Premessa: prima di continuare la lettura di questa recensione sia chiaro che l’autore l’ha scritta per quelli che sono dotati di mente molto aperta. Se da piccoli vi siete fissati come dei punti di sutura ad un solo genere musicale (metal o no) potete fermarvi al punto che vedete qui di fianco.
Ora facciamo finta che la recensione inizi dalla prossima riga.

Gackt M. S. Camui è considerato un’icona del j-pop (dove j sta per japanese), un genere particolare, che “alla rozza” si può definire come un pop-rock con effetti sintetici particolari, e con influenze funk e pop europeo anni ’80; rispetto al pop-rock normale si distingue inoltre per la tecnica vocale (più morbida, meno impegnativa per le corde), per la massiccia presenza di assoli di chitarra e per la struttura dei pentagrammi spesso complessissima; l’esempio più noto può essere considerato quello dei "L'Arc~en~Ciel", autori tra l’altro di una delle canzoni della colonna sonora del manga “Inuyasha”, e di un’altra presente nella OST di “Great Teacher Onizuka”. Degni di nota inoltre Tokuyama Hidenori e i Gazette.

Tuttavia in questo cd singolo ben poco appare del j-pop, e anzi è possibile ricondurlo al nu-metal, con differenze praticamente insignificanti. Tra queste va citata la tecnica vocale, che è ancora la stessa del j-pop, e che comunque non sfigura affatto su quest toni più aggressivi. Altra caratteristica particolare rispetto ad altro nu-metal, o meglio, ad altro metal in generale, è il fatto che Gackt è da solo, nel senso che da solo armeggia con tutti gli strumenti: nel caso chitarra elettrica, basso, batteria, tastiera e sintetizzatore. E nell’uso di ognuno di questi strumenti dimostra finissima tecnica, da far impallidire molta gente che il metal lo fa da anni e che ne è magari diventato esempio tipico.

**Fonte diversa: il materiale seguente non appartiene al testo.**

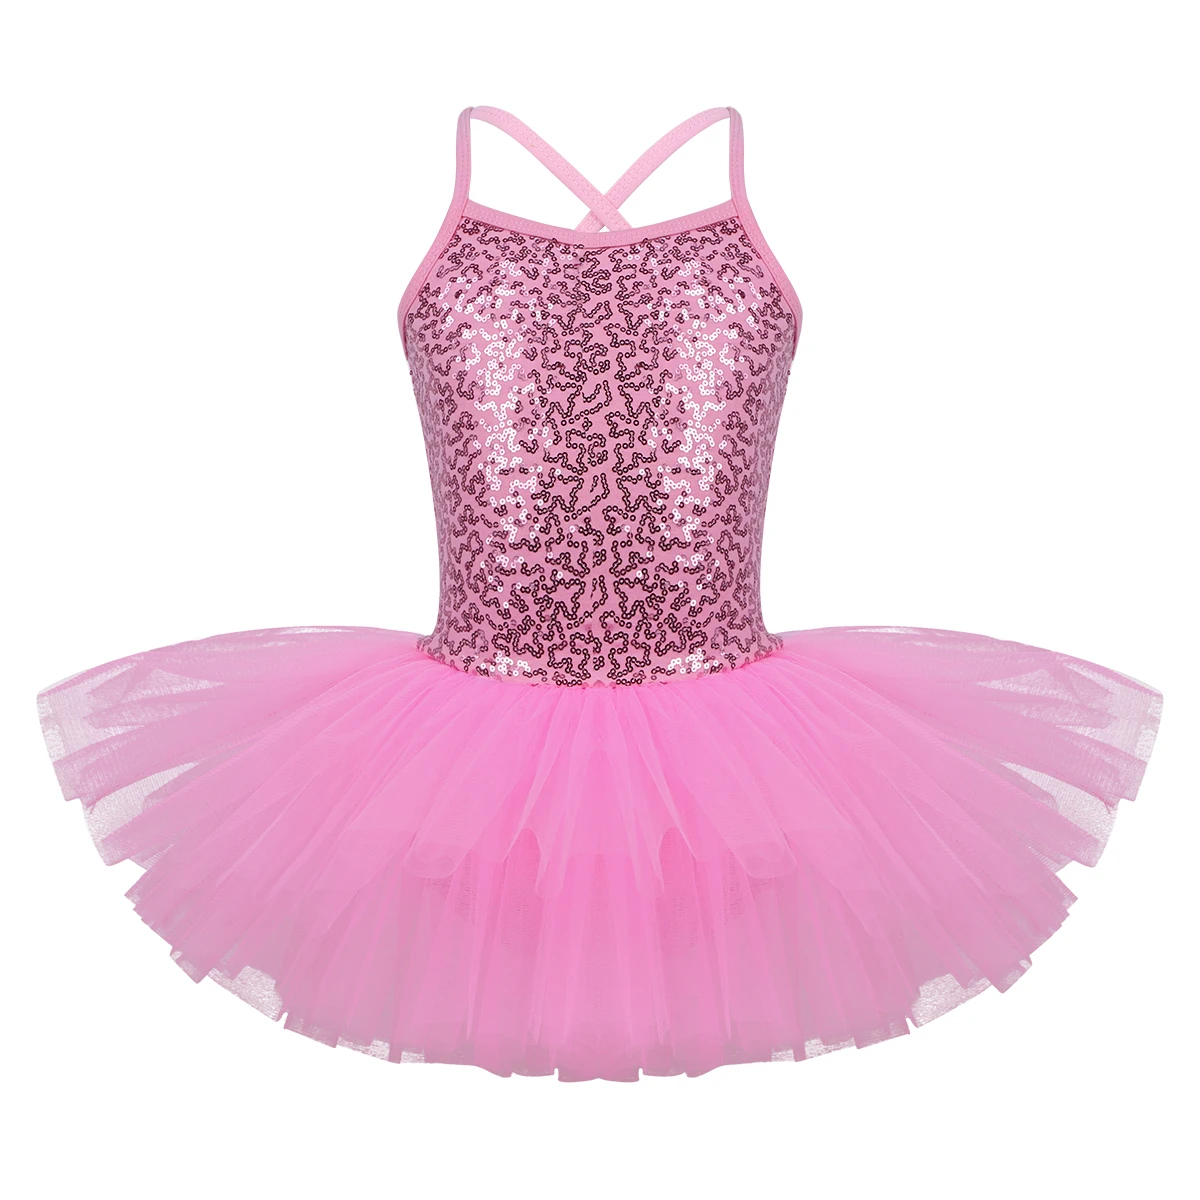 Iiniim/Для девочек светоотражающий нарядное лиричная Танцы класса костюмы ребенок балетное платье-пачка танцев гимнастическое платье-пачка с трико - Цвет: Pink

Ma è il momento di parlare nel dettaglio di questo interessante lavoro. Molto corto come si conviene a un singolo: solo 4 tracce e poco più di 20 minuti. "Redemption" è l’apripista oltre che “l’oggetto” del singolo: una canzone cupa e aggressiva, cantata per lo più in giapponese, e l’inglese che figura sotto forma di rap, con voce alterata al sintetizzatore e in cui figurano ampie parti di solo sintetizzatore e numerosi scratch. Sembra quasi di parlare di “Runaway” dei Linkin Park (giapponese a parte ovviamente), ma solo ascoltandola ci si accorge che è ben diversa. "Longing" la segue: ancora una volta il cantato è per lo più in giapponese (senza rap stavolta), ma qui la chitarra elettrica è più “invadente”, anche nelle zone in cui il sintetizzatore predomina; si distingue inoltre dalla titletrack per un passaggio di sapore medioevale (a tratti gotico), realizzato con la grancassa e con la tastiera che emula l’organo; come finale un lungo scratch. Le altre due tracce sono le versioni strumentali delle prime due.

In questo quadro positivo qualcosa stona: il giapponese come lingua predominante. Assolutamente comprensibile, dato il fatto che è un prodotto indirizzato per lo più ai giapponesi; certo è che non è proprio la lingua più musicale tra quelle esistenti. Basti pensare al modo in cui è sistemato il testo nelle canzoni, cioè in maniera caotica, facendo ricorso a numerosi tagli di sillaba o all’accelerazione della pronuncia delle sillabe stesse. Il rap in inglese di Redemption è proprio una redenzione in questo senso. Ma tutto sommato questo è proprio cercare il pelo nell’uovo, perchè il risultato complessivo è ottimo.